[Data section Boundary: Start]
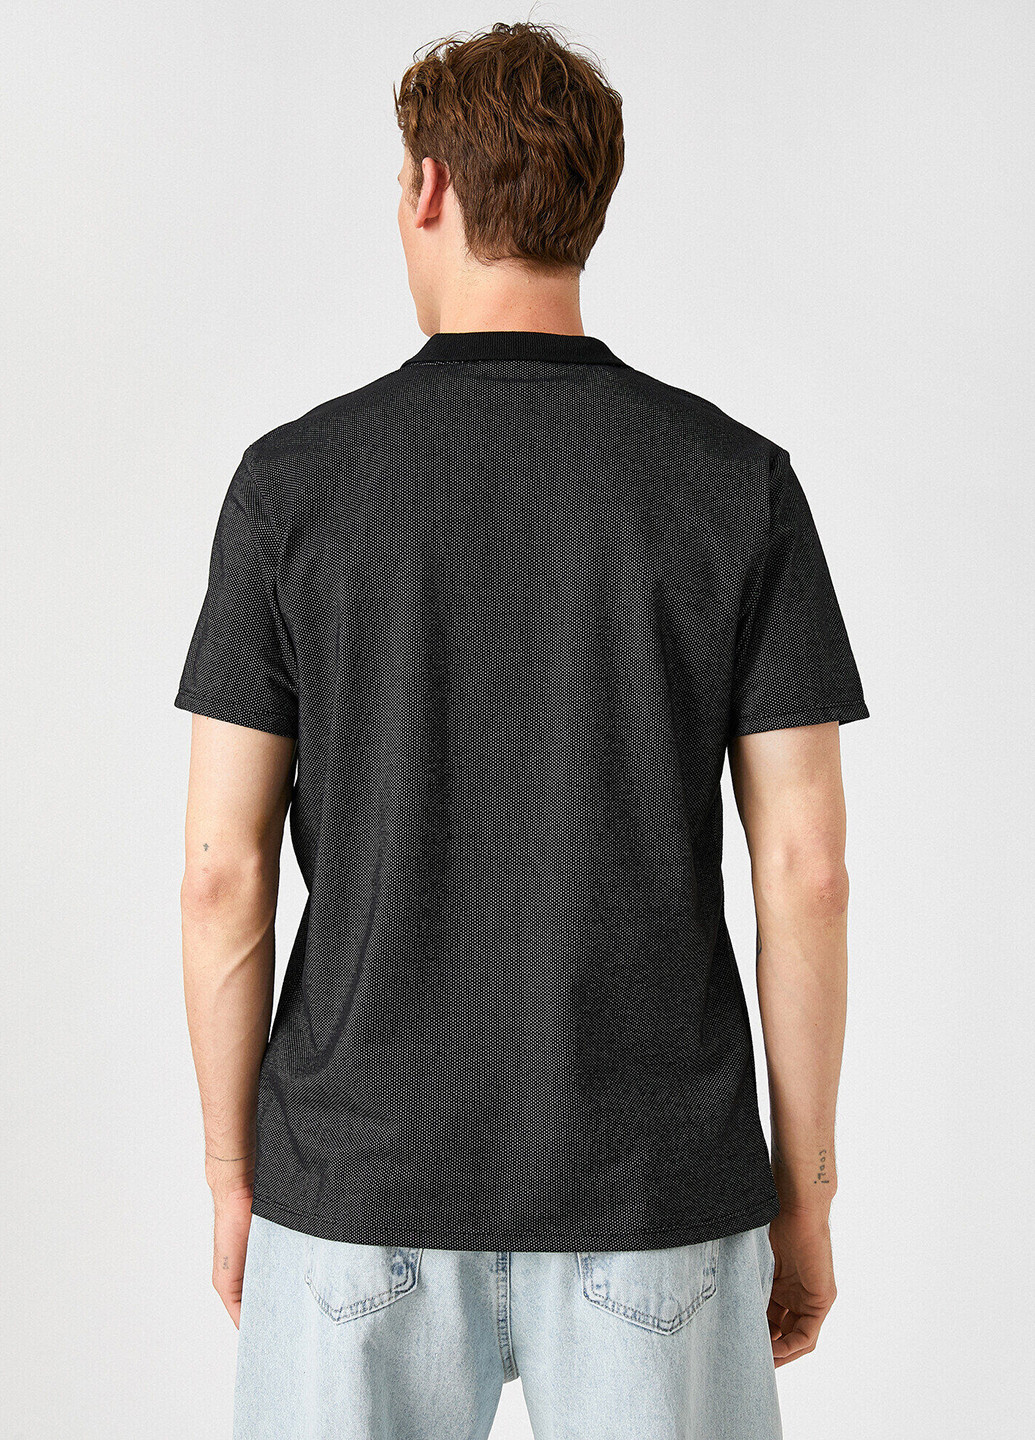 Черная футболка-поло для мужчин KOTON с узором «перец с солью»
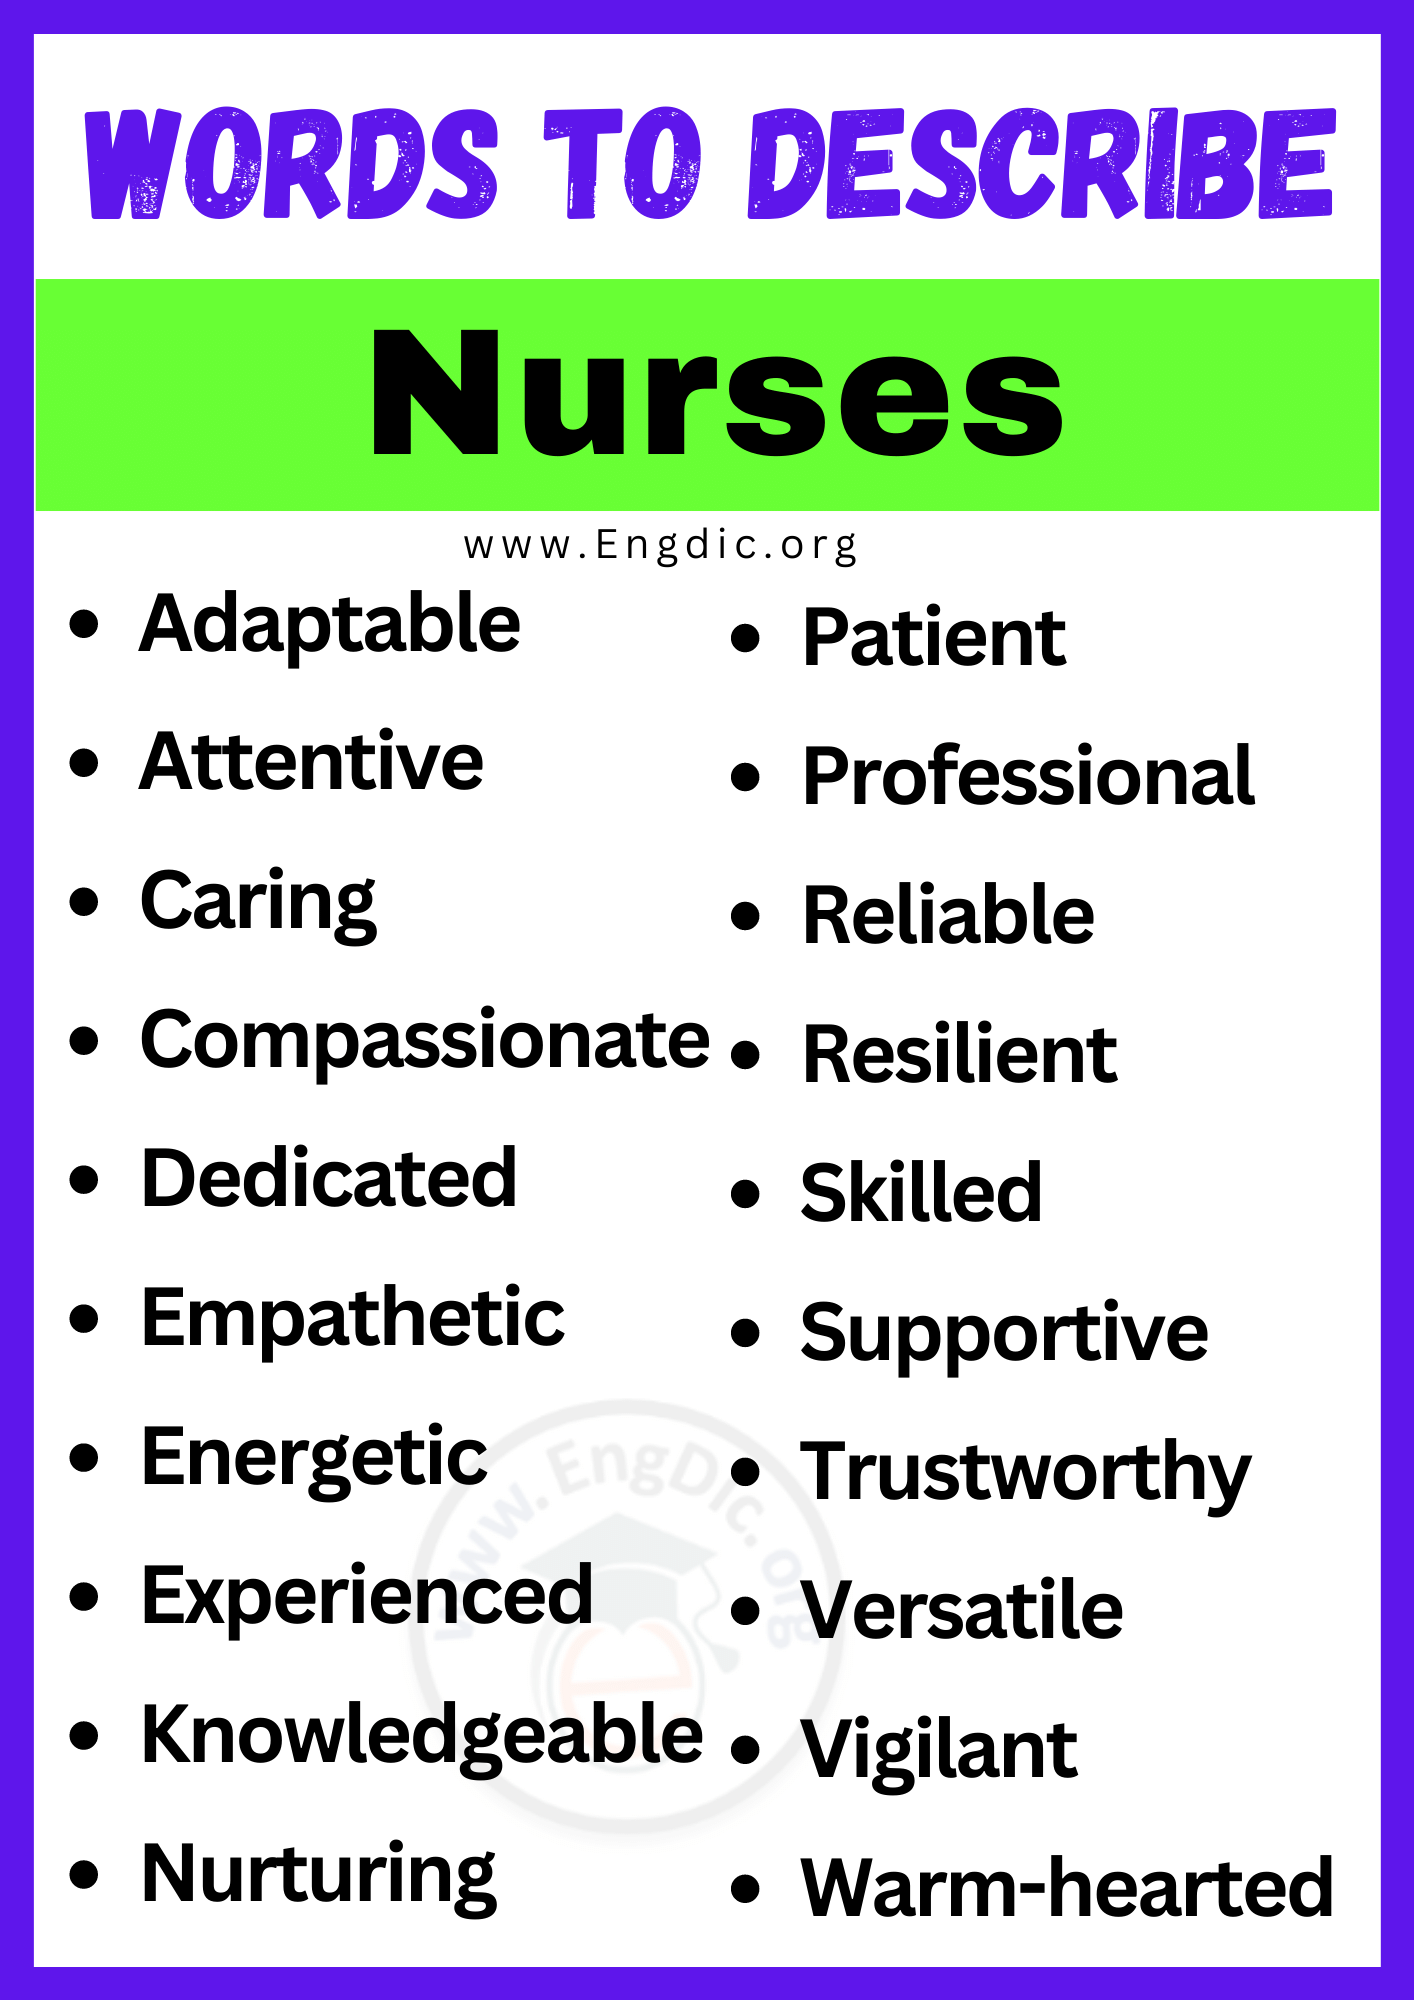 Words to Describe Nurses
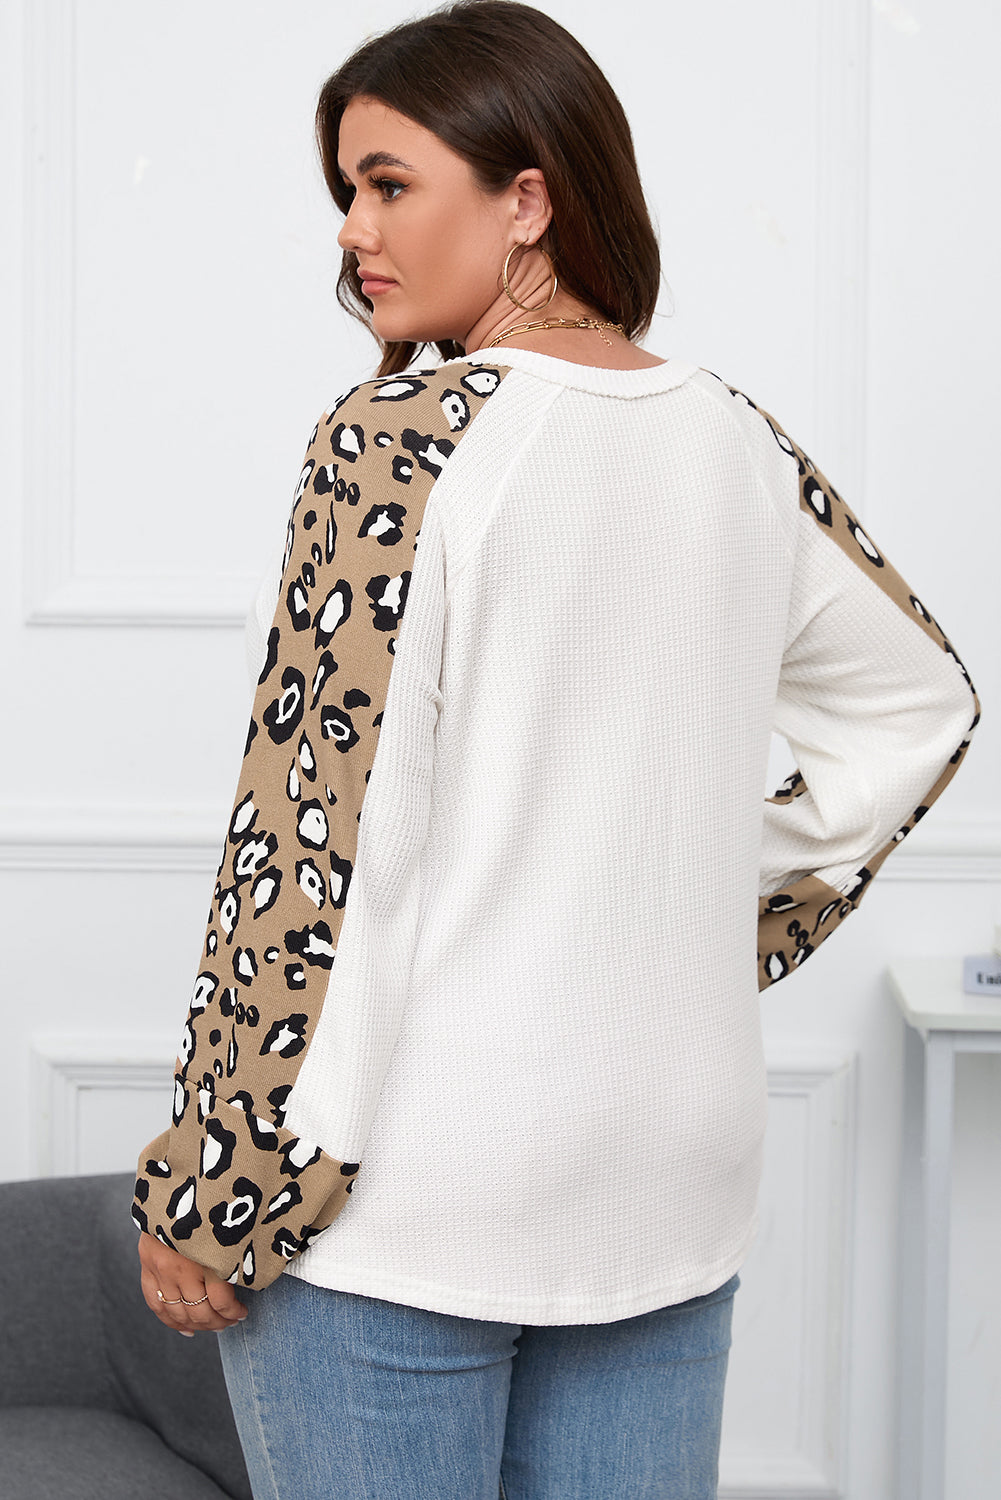 Majica s dugim rukavima u obliku kontrastnog leoparda s uzorkom velike veličine i bež boje
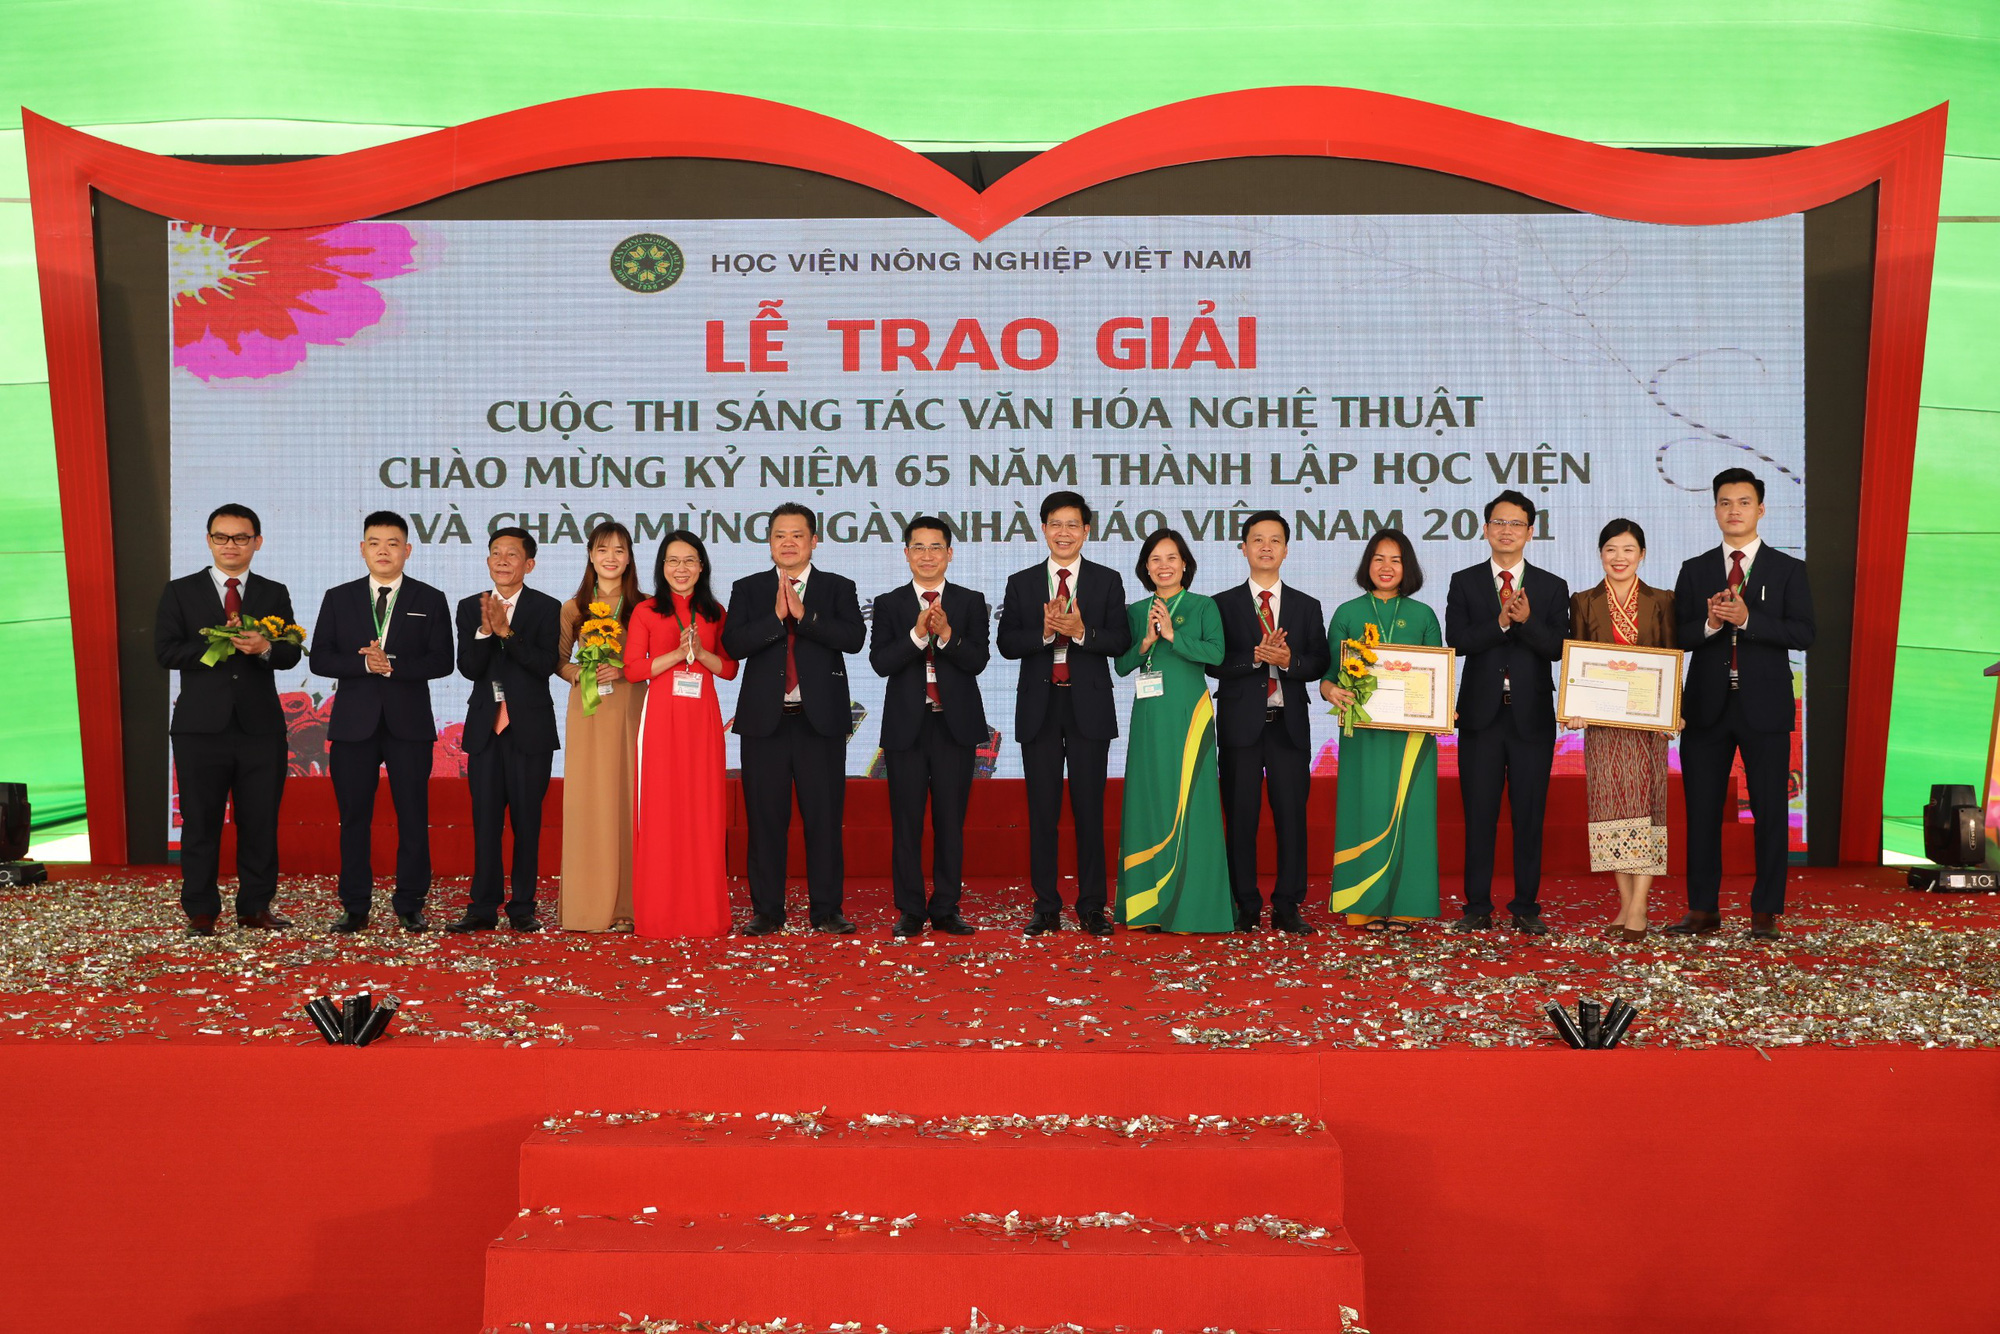 Học viện Nông nghiệp Việt Nam tạo cảm hứng sáng tác cho nhiều tác phẩm văn học, nghệ thuật - Ảnh 3.
[Data section Boundary: End]
# Task details:
Each line above must be repeated exactly in the answer, with pictures omitted.

# Task answer:
 Черная футболка-поло для мужчин KOTON с узором «перец с солью»
 Words to Describe Nurses
 Majica s dugim rukavima u obliku kontrastnog leoparda s uzorkom velike veličine i bež boje
 Học viện Nông nghiệp Việt Nam tạo cảm hứng sáng tác cho nhiều tác phẩm văn học, nghệ thuật - Ảnh 3.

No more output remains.